Ma perfino per un giornalista agguerrito può essere difficile metterlo insieme. Ebbene, la
Commissione lo faccia e lo renda disponibile nel proprio sito Internet. Ogni risparmiatore che lo
volesse, potrebbe così verificare quanta parte vi sia nella società a cui vuole assegnare la propria
fiducia di finanza fuori dai controlli più stringenti ( il disegno di legge interviene su questo punto,
ma nulla dice sulla maggiore fruibilità di questi dati per gli investitori non professionali). La terza
iniziativa: invitare gli analisti finanziari a tenere presente sempre prima la stabilità e poi il
rendimento. Gran parte dei rapporti sulla Parmalat erano positivi fino al dicembre scorso sulla base
delle attese di reddittività dell’azienda e di apprezzamento del titolo. Su decine di studi pochi
riportavano il dato del debito lordo (tutti i debiti contratti) messo a confronto con il patrimonio netto
(tutte le garanzie certe). E i pochi che hanno presentato questo paragone non finivano con un
risultato positivo.
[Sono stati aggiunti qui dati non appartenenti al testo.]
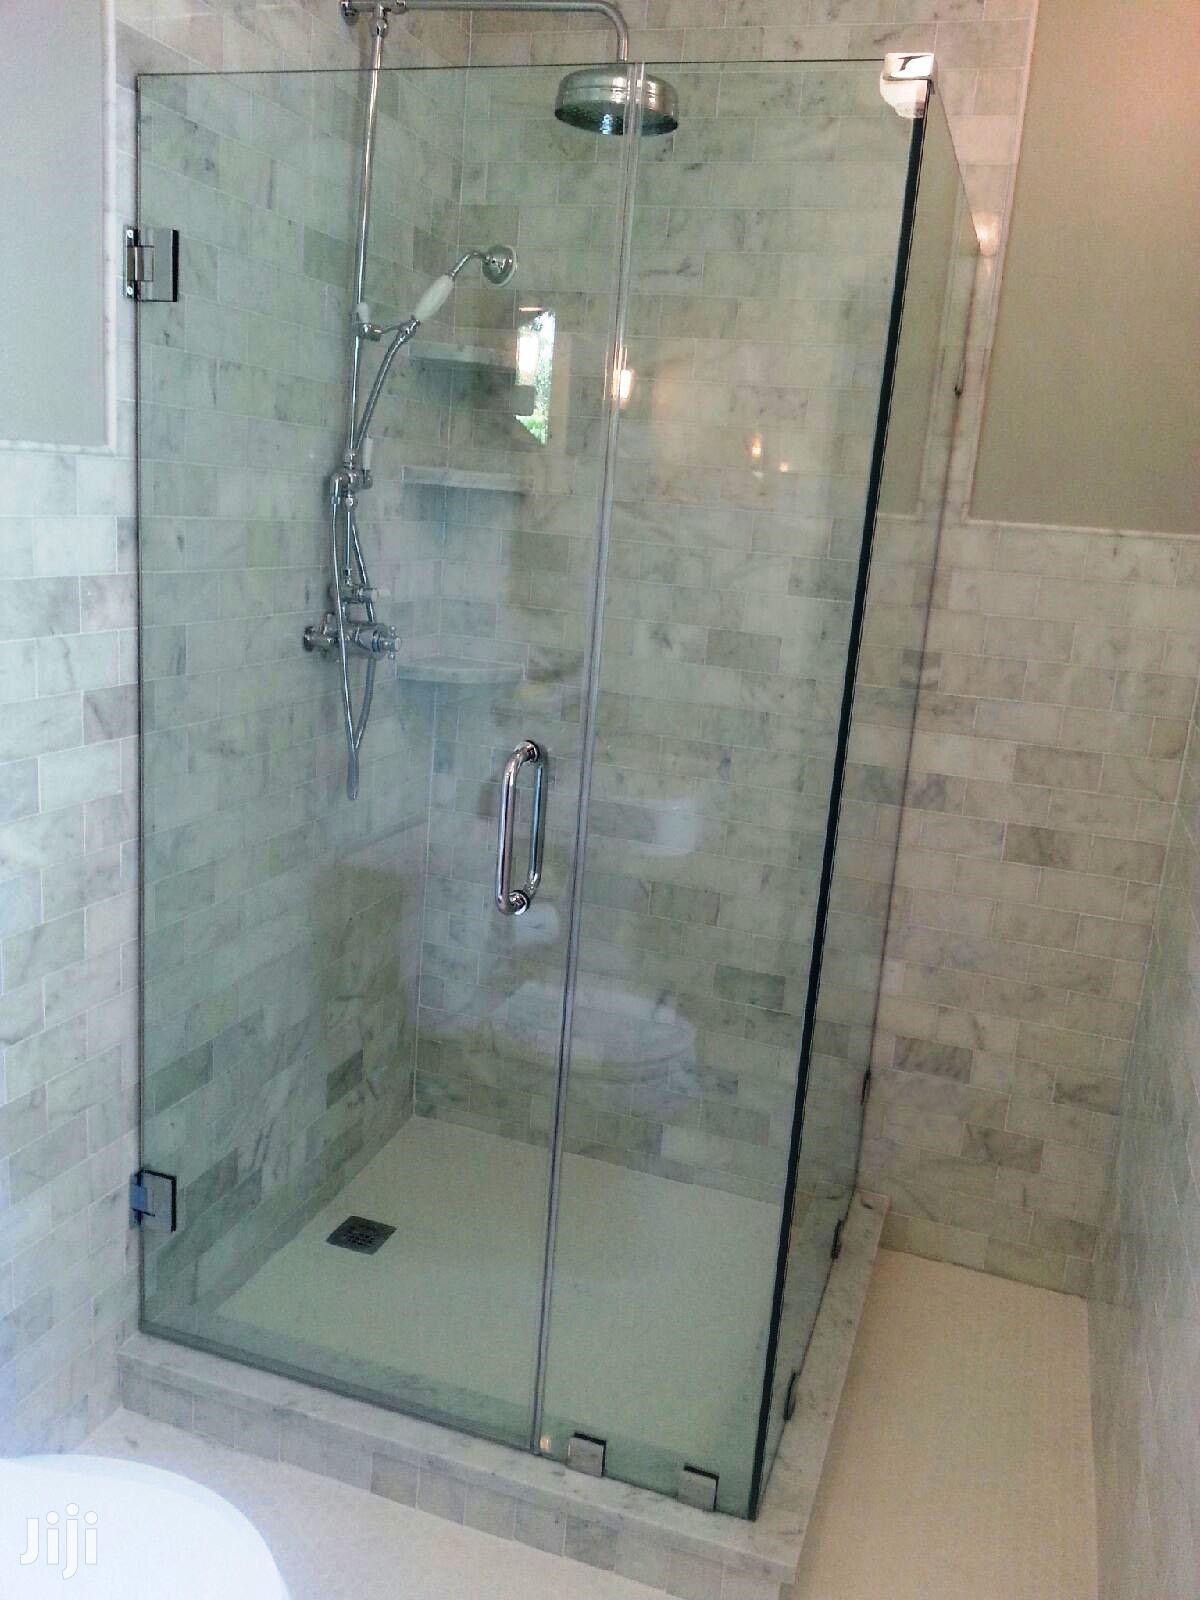 "Shower Cubicle Or Bathroom Glass 39"" X 39"" X 75"" 100% Watertight"

La Borsa italiana potrebbe insomma pubblicare nel proprio sito, trimestre per
trimestre, il rapporto tra debito lordo e patrimonio netto, per le società quotate, insieme ai dati
principali dell’andamento economico dell’azienda nel periodo. Sarebbe un servizio semplicissimo
da rendere, ma di grande efficacia. Infine, un altro dato relativo all’asimmetria informativa: negli
ordini relativi a titoli da considerare “non adeguati” già rispetto alle norme attuali (emessi all’estero
senza prospetto Consob, non adeguati al tipo di risparmiatore….) dovrebbe essere scritto in alto e in
caratteri ben visibili “titolo non adeguato al risparmiatore comune”. Vi sarà sempre la libertà e la
possibilità di rifirmare quell’ordine. Ma allora sì che si potrà dire: l’investitore era informato.
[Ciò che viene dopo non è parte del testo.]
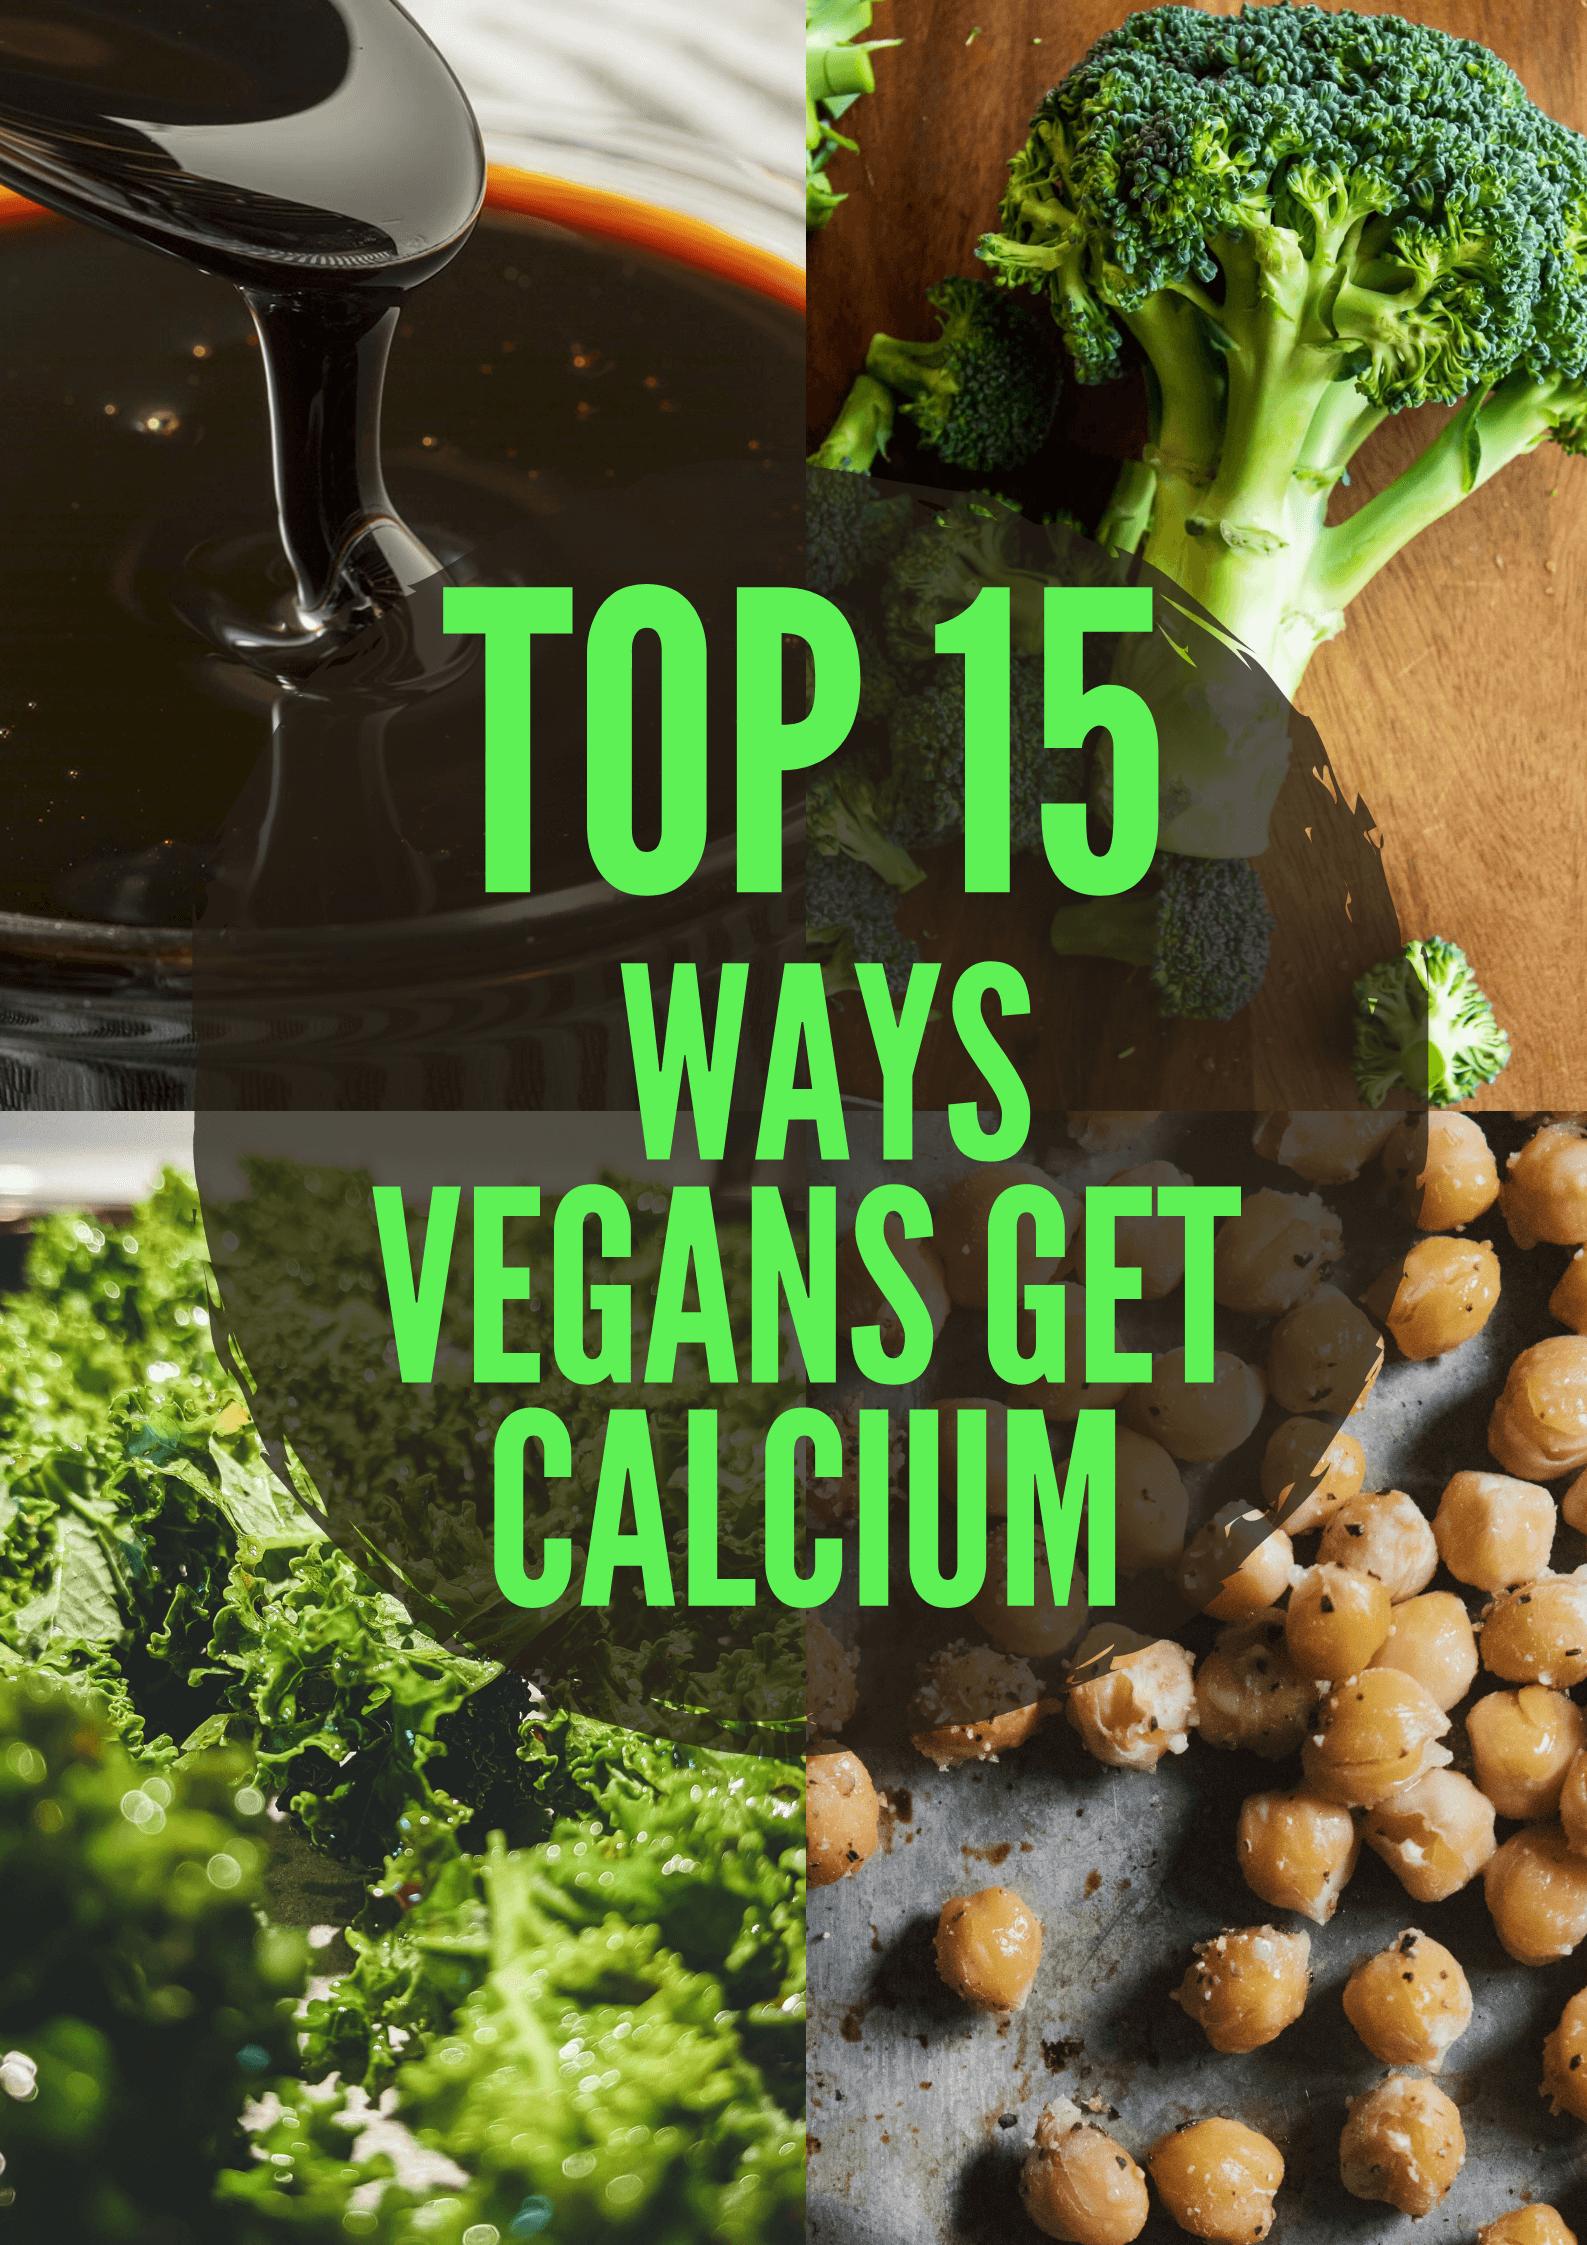 Top 15 Ways Vegans Get Calcium

In conclusione, si possono mettere in atto queste o altre iniziative del genere. Ma l’importante è che
la pubblicità delle infornazioni sia vera e non fittizia. Perché altrimenti anche i più forti poteri della
Consob resterebbero confinati nel ristretto circolo, pur importante e da non sottovalutare, del
rapporto tra operatori e autorità. Mentre è anche facendo crescere la consapevolezza e la possibilità
di scelta dei risparmiatori che si obbligano gli amministratori delle società ad essere più trasparenti.